There was a hotel nearby that I didn't recognize, but when I said the name, he said "Hey, so and so has stayed there when he was in town!". So I walked there, asked the concierge to call me a cab and gave him a big tip. He walked me to the bar and suggested I order something to eat, and he would come and get me when the cab got there. He did, the cab driver was so nice and friendly, and it all worked out perfectly. Everyone could have been rude and unhelpful which would have topped off my perfectly lousy day and would have had me crying in an instant.
I think the last two weeks just all got to me today. All of the bad news, worrying, wondering, bad luck, for about 15 minutes in the car while I waited for a tow truck in a church parking lot, I just cried and cried.
Yes, my life could be worse, Yes, things HAVE been worse. Yes, there are positive and good things in my life. Yes, there are things about my life that I count myself as very lucky as having and being, etc. But every once in awhile, things get to you, you know?
I suppose that right now that is something I should count myself as lucky. I'm not STILL crying. I'm not STILL depressed. I got over it. I picked myself up, went to the hotel, did what I needed to do, got home, and here I am, just fine. Not exactly happy, but okay.
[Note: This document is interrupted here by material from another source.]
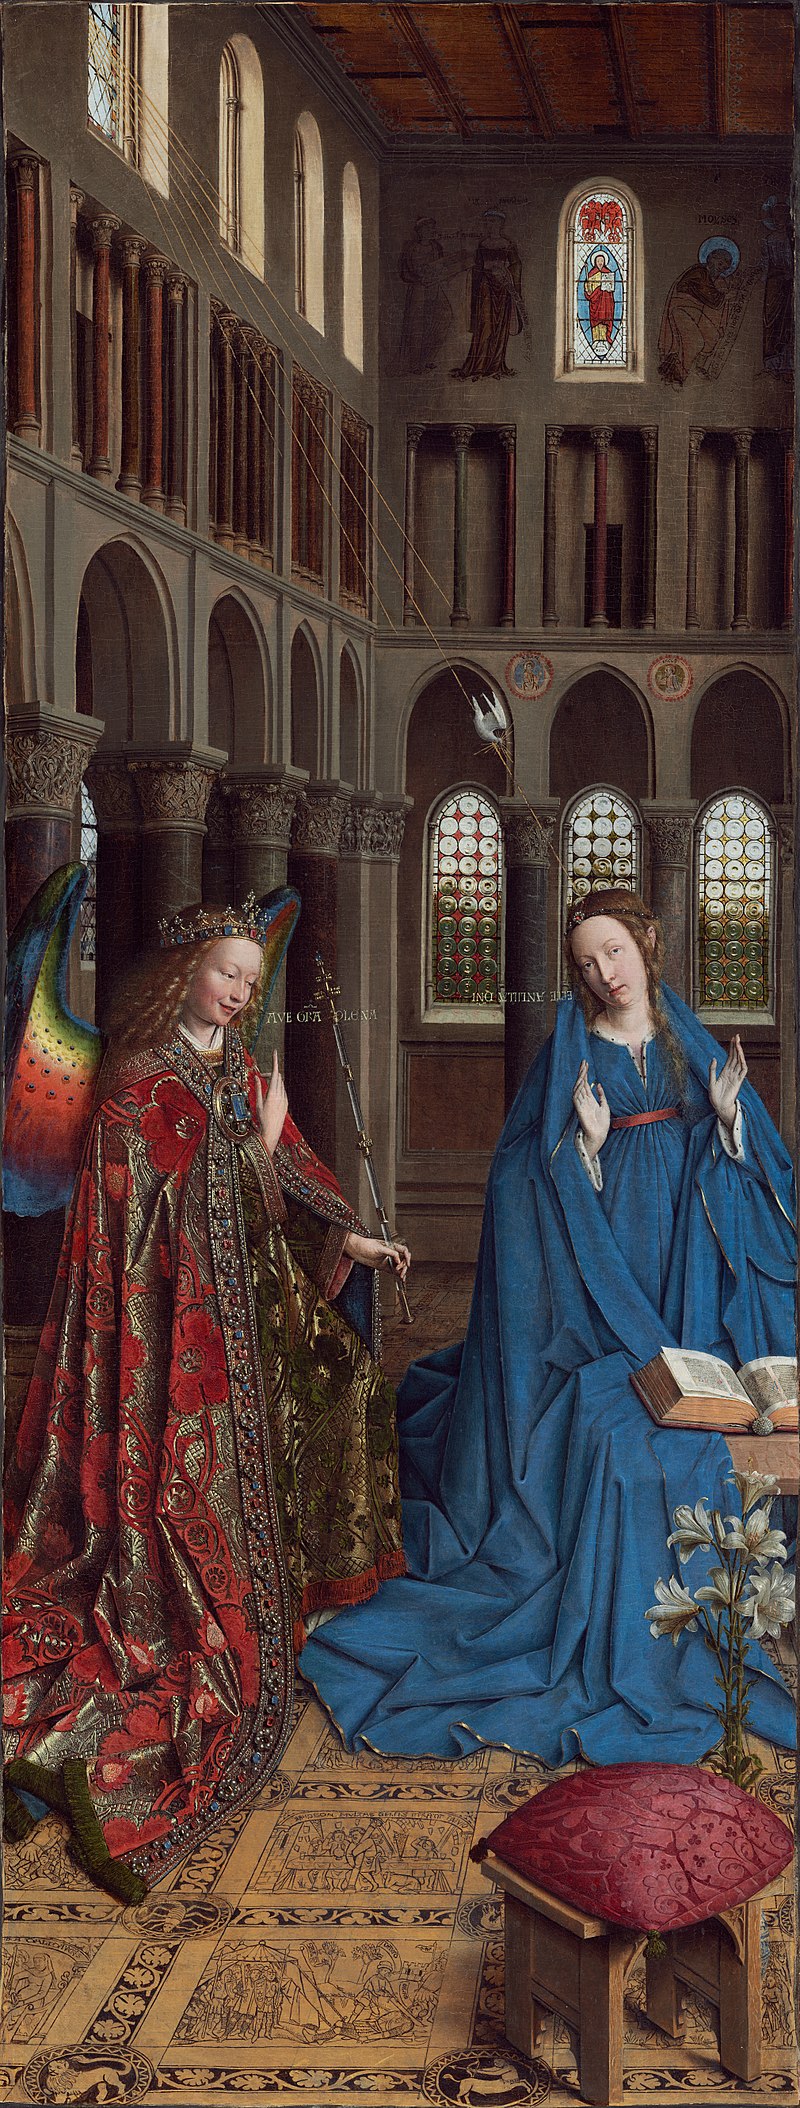 La Anunciación by Jan van Eyck - c. 1434 - 93 x 37 cm National Gallery of Art

I can't count the number of times that I was not able to just pick myself up and move on, I would be laying in bed crying right now, unable to shake off the feelings, the depression, wanting to die, who knows? Maybe I would have felt that way before I even went to the doctor. Maybe I wouldn't have even gone to the doctor. Or maybe I would have been hoping she would tell me I was dying.
So, I have been better and I have been worse. Maybe that's just life?